--- Directions ---
Print, in exact form, the lines below from the one containing "Гимнастка Лариса Латынина" through the one containing "Комплект ковриков Memory", and omit all others.

--- Information given ---
○ ○ ○ ○

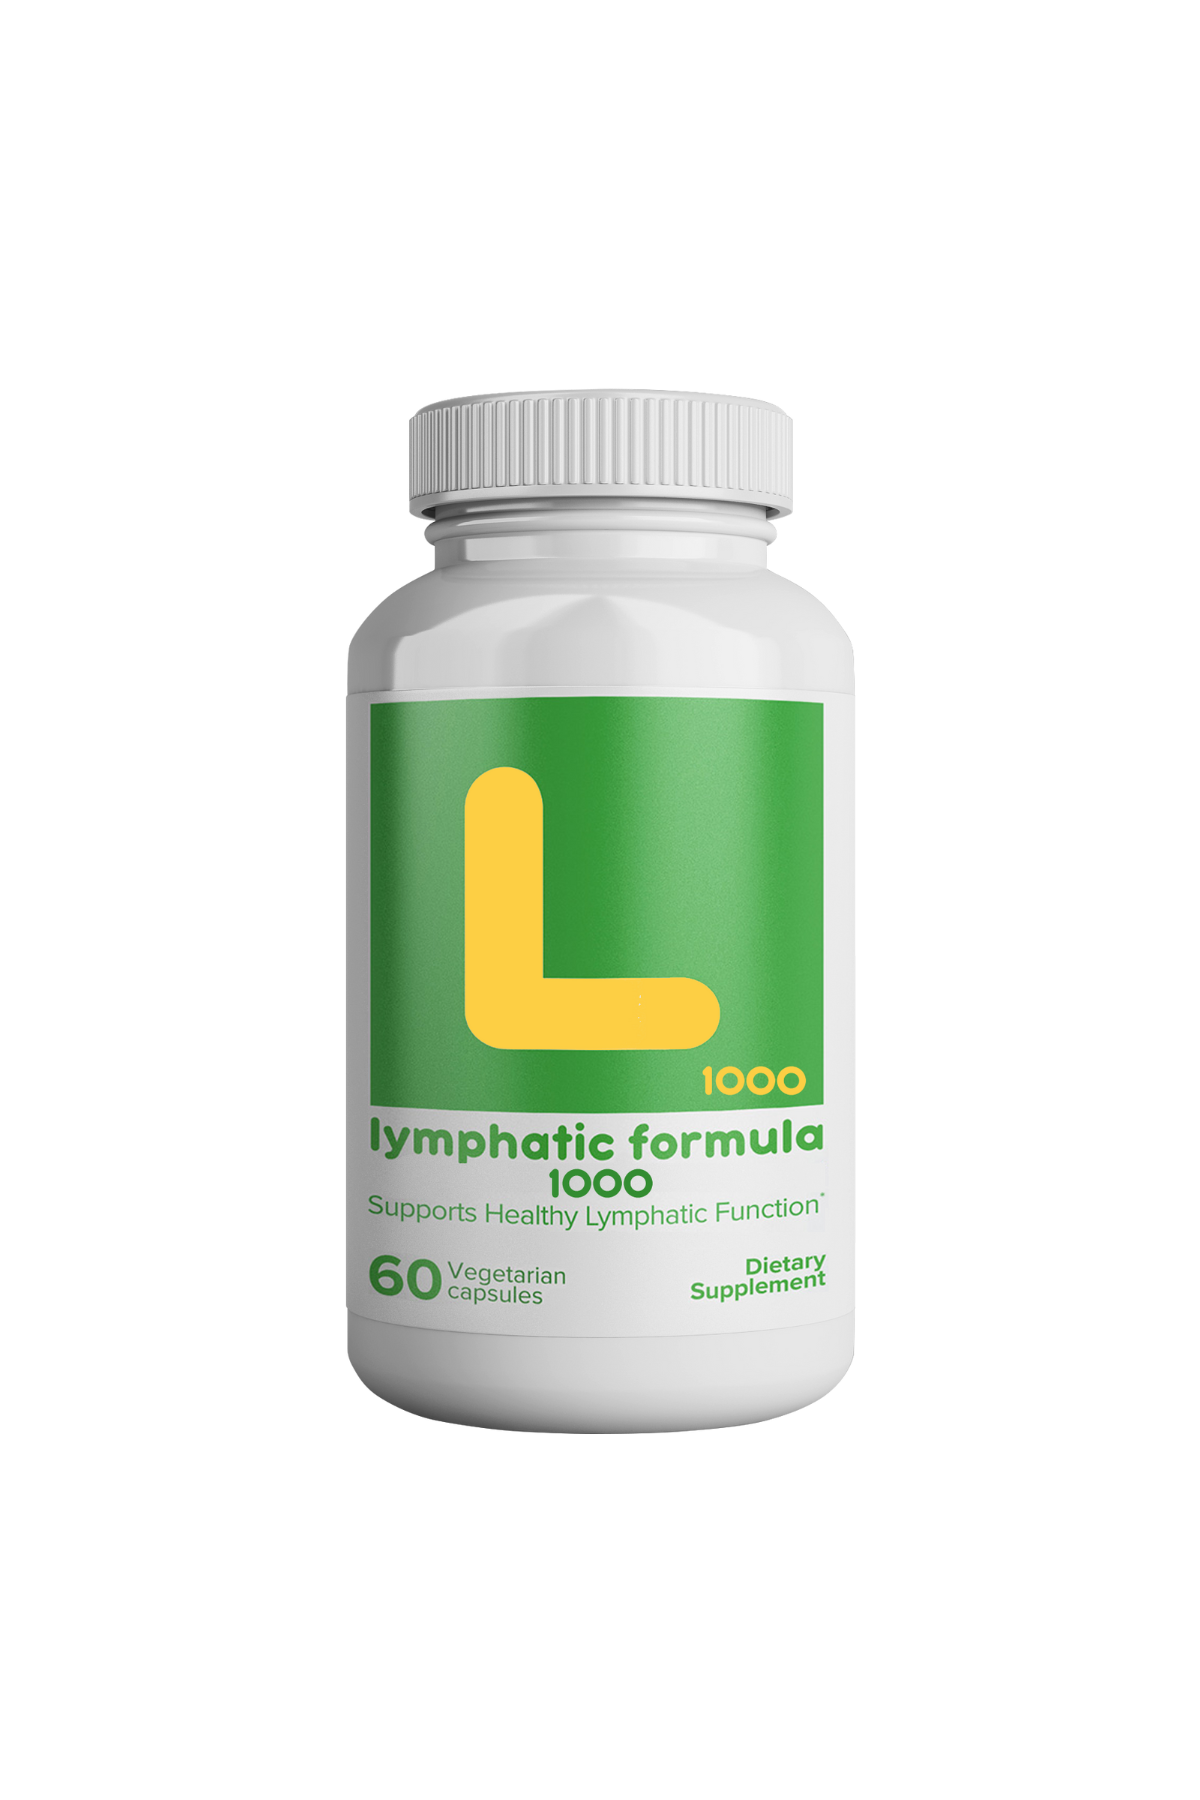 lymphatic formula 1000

○ ○ ○ ○

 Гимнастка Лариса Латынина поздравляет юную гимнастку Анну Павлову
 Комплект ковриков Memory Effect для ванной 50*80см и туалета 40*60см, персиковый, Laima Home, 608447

○ ○ ○ ○

--- Response to this task ---
 Гимнастка Лариса Латынина поздравляет юную гимнастку Анну Павлову
 Комплект ковриков Memory Effect для ванной 50*80см и туалета 40*60см, персиковый, Laima Home, 608447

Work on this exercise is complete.